Facit call their system the ‘D-Process’, and believe they are the world’s first company to digitally fabricate a bespoke home on-site using a compact mobile production facility.

The seed for the Facit concept was planted at London architecture firm, Foster + Partners where Facit managing director Bruce Bell worked with 3D computing and imaging. Bell then moved on to the Royal College of Art where he studied product design and began plotting the idea for a consolidated engineering, architecture, manufacturing company, much like Facit is today. Bell’s studies and discoveries were preoccupied with what he calls the process disconnect between digital design and fabrication, and he believes this can be overcome through digital manufacturing, on a small scale, on-site.

The Process

First, the firm’s architects and engineers design the house using a 3D computer model, which details every aspect of the project from its orientation and material quantities to the positioning of its trade access points in cavities, floors and ceiling voids.

Their D-Process then transforms the 3D digital designs into the home’s exact physical building components, by use of a computer controlled cutter (CNC Router) and building materials.
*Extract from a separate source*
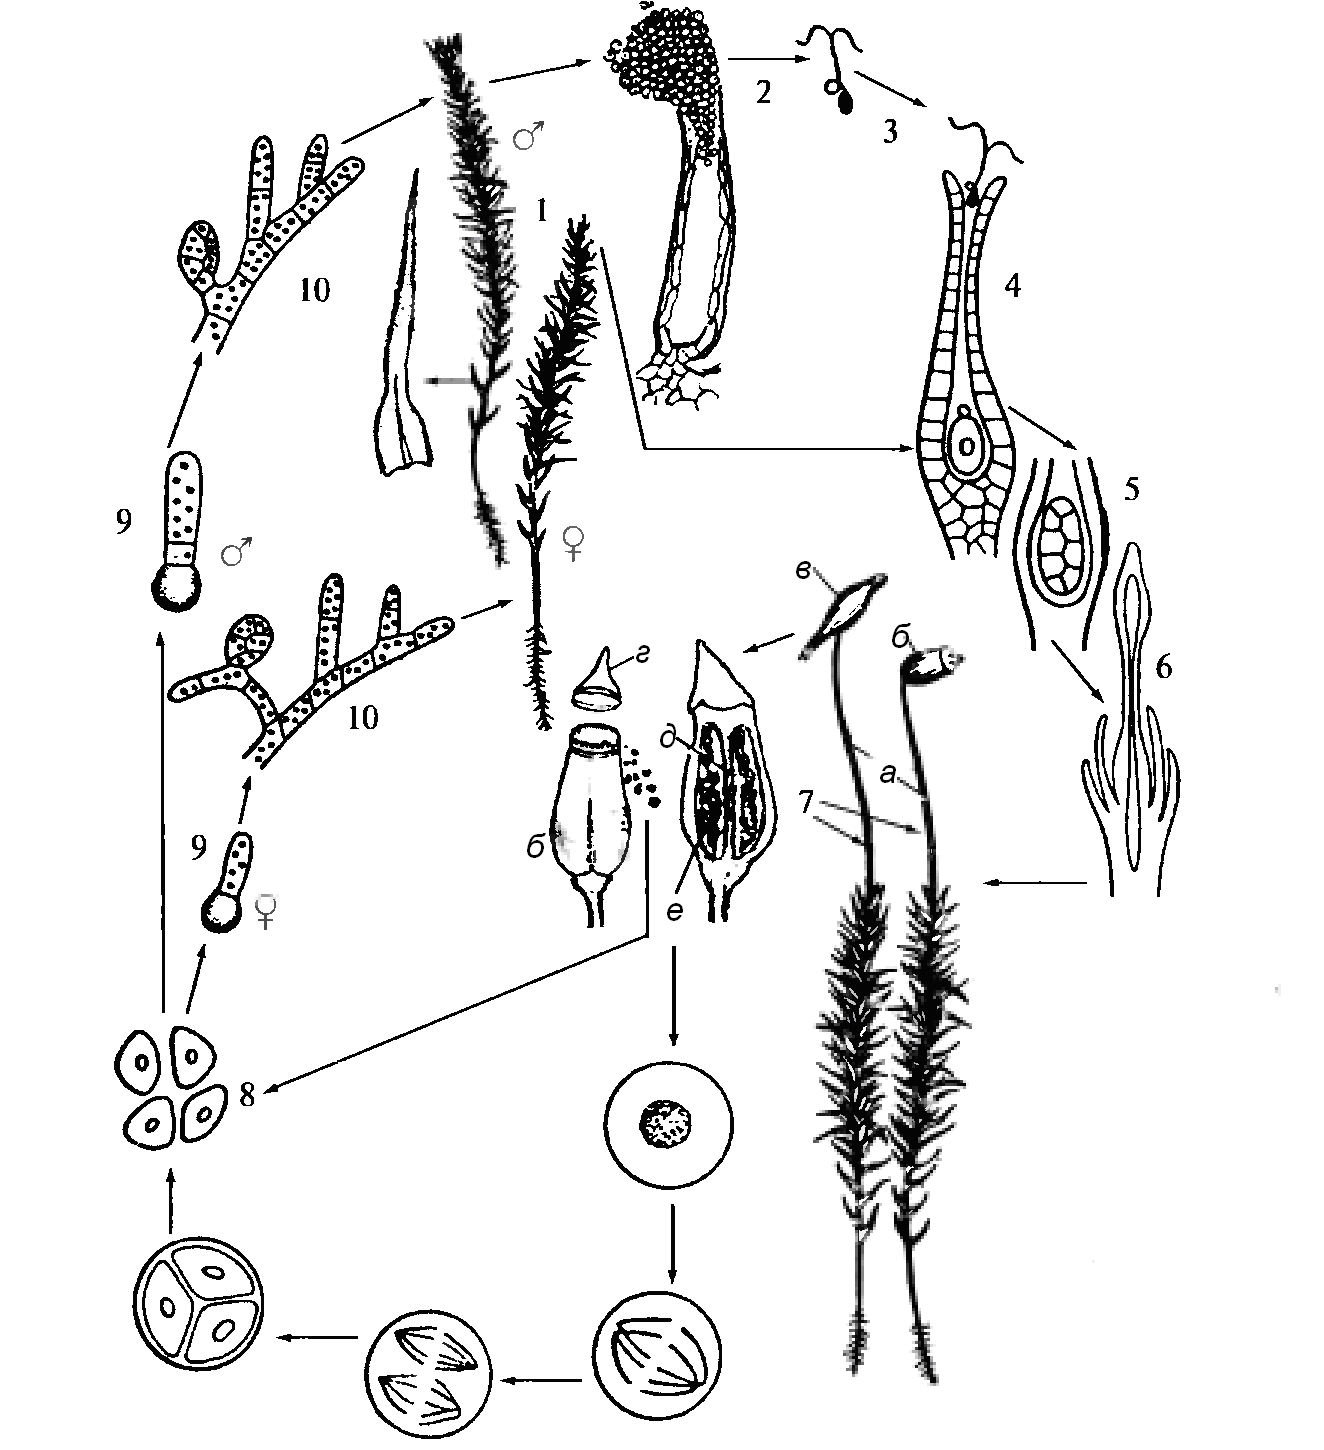 Жизненный цикл листостебельных мхов Кукушкин лен. Жизненный цикл мха Кукушкин лен схема. Жизненный цикл мха Кукушкина льна. Жизненный цикл развития мха Кукушкин лен. Зеленый мох кукушкин лен размножение

The CNC router is delivered to the building site in a shipping container, where it mills every component of the home into modular elements which snap together like Lego to form the building.

Central to their concept is the shell of the house, which they call a Facit Chassis. Like the chassis of a car, the shells are designed ready for all services, including electrical, air conditioning, insulation and plumbing to be fitted around it – with no ‘interpretation’ by people on the ground.  

More on the process in the video below:


Performance

A Facit Chassis predominantly comprises  FSC certified spruce plywood sheets which are not particularly cheap building materials. However, the firm believes they save money and contribute to sustainability by manufacturing onsite and removing the need to power a manufacturing warehouse.

Because of its light weight composition, the entire home can be installed by two people, eradicating the need for concrete footings and heavy machinery for assembly.

Another confessed contribution to the concept of sustainability is the firm’s use of steel helical micro piles instead of resource intensive concrete beds for their projects. Facit says this system means foundations for large homes can be installed in a single day, which significantly lowers the cost.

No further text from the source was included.